Конечно, всеми этими действиями руководили бояре-советники великого князя, а не сами малолетние дети; но важно и то, что эти дети привыкали действовать в известном направлении. Тем же советникам принадлежит, вероятно, и мысль определить отношения двоюродных братьев договором. С этим договором мы уже познакомились при обзоре княжения Димитрия Донского; здесь только кратко передадим его суть. Младший брат Владимир обязывается по этому договору держать под старшим братом великие княжения честно и грозно; старший — держать младшего в братстве; у обоих — общие друзья и враги; оба обязуются не контактировать ни с кем без обоюдного согласия; не вмешиваться в управление уделом другого; ордынскую тягость и протор младший дает старшему брату по давним сверткам; Владимир должен служить старшему брату без ослушанья «по згадце» (по уговору), а бояре и слуги его, кто бы где ни жил, должны быть в случае войны под стягом великого князя[782]. Этот договор заключен в 1364 г., надо полагать, позднее октября, иначе здесь, вероятно, был бы упомянут родной брат Димитрия, Иван, скончавшийся в 1364 г. 13 октября (по другим источникам — 23-го).

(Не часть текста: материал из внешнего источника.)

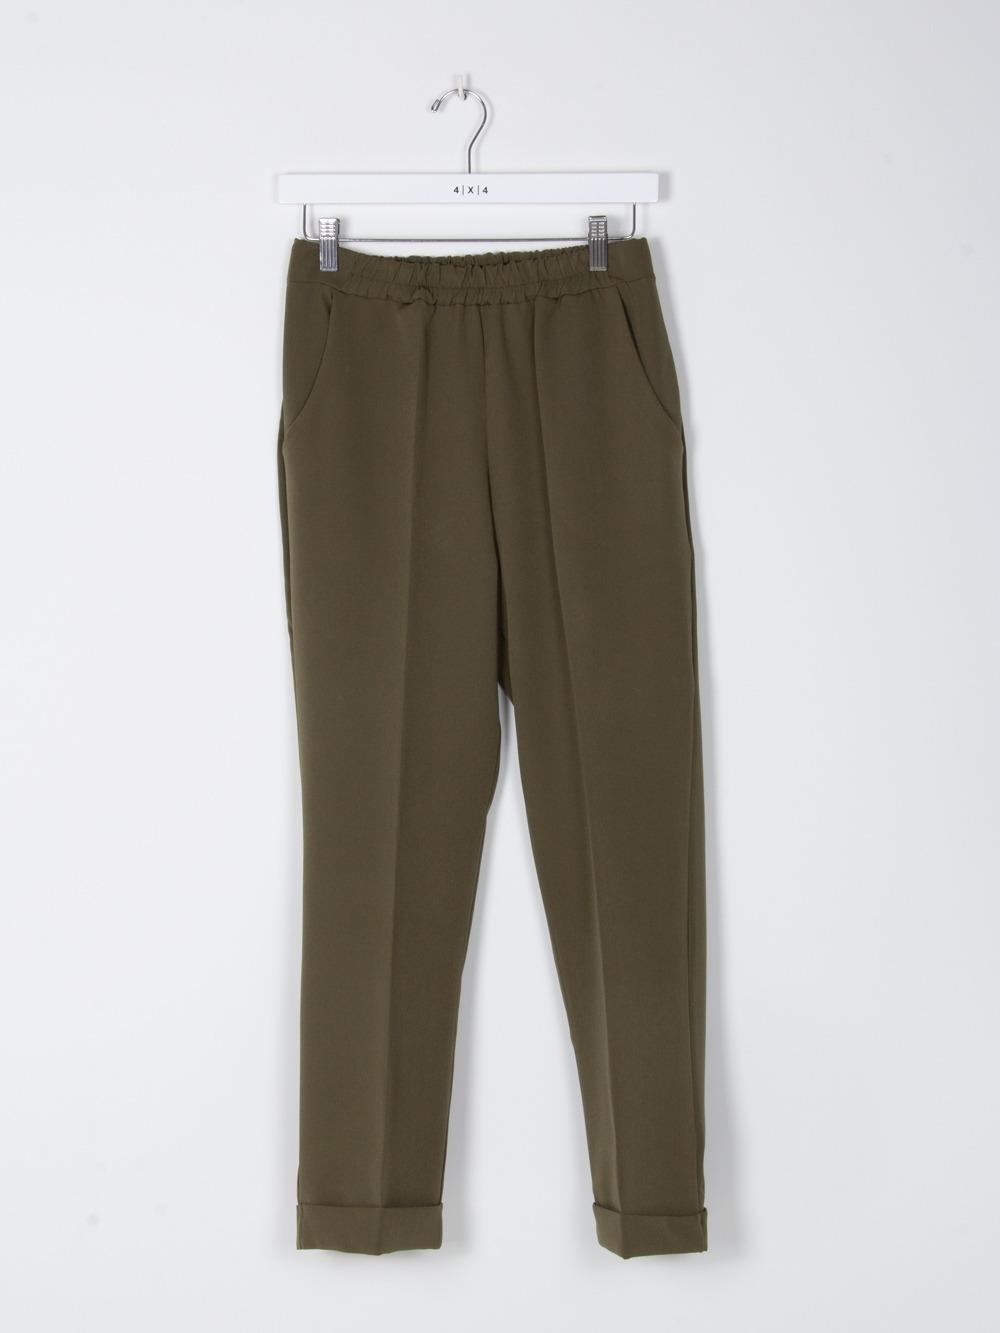 Woman wide leg elastic waist trousers Khaki

В 1368 г. литовцы начинают враждебные набеги на Русь: они занимают Ржеву; сын Ольгерда, Андрей Полоцкий, опустошает пограничные русские области. Но Владимир Андреевич выгнал литовцев из Ржевы. Наконец, побуждаемый Михаилом Тверским, сам Ольгерд двинулся на Москву, где не успели собрать ратей, а имевшиеся налицо высланы были навстречу литовцам в виде сторожевого полка. Здесь была рать и Владимира Андреевича под воеводством Акинфа Шубы, который в числе других пал в стычке с литовцами при р. Тростне 21 ноября. Сам Владимир Андреевич вместе с великим князем сидел в Москве в осаде[783]. Конец того же года и начало следующего, 1369 г. Владимир Андреевич по воле великого князя провел в Новгороде для защиты Пскова от нападений ливонских рыцарей и пробыл там «от Збора до Петрова дни»[784].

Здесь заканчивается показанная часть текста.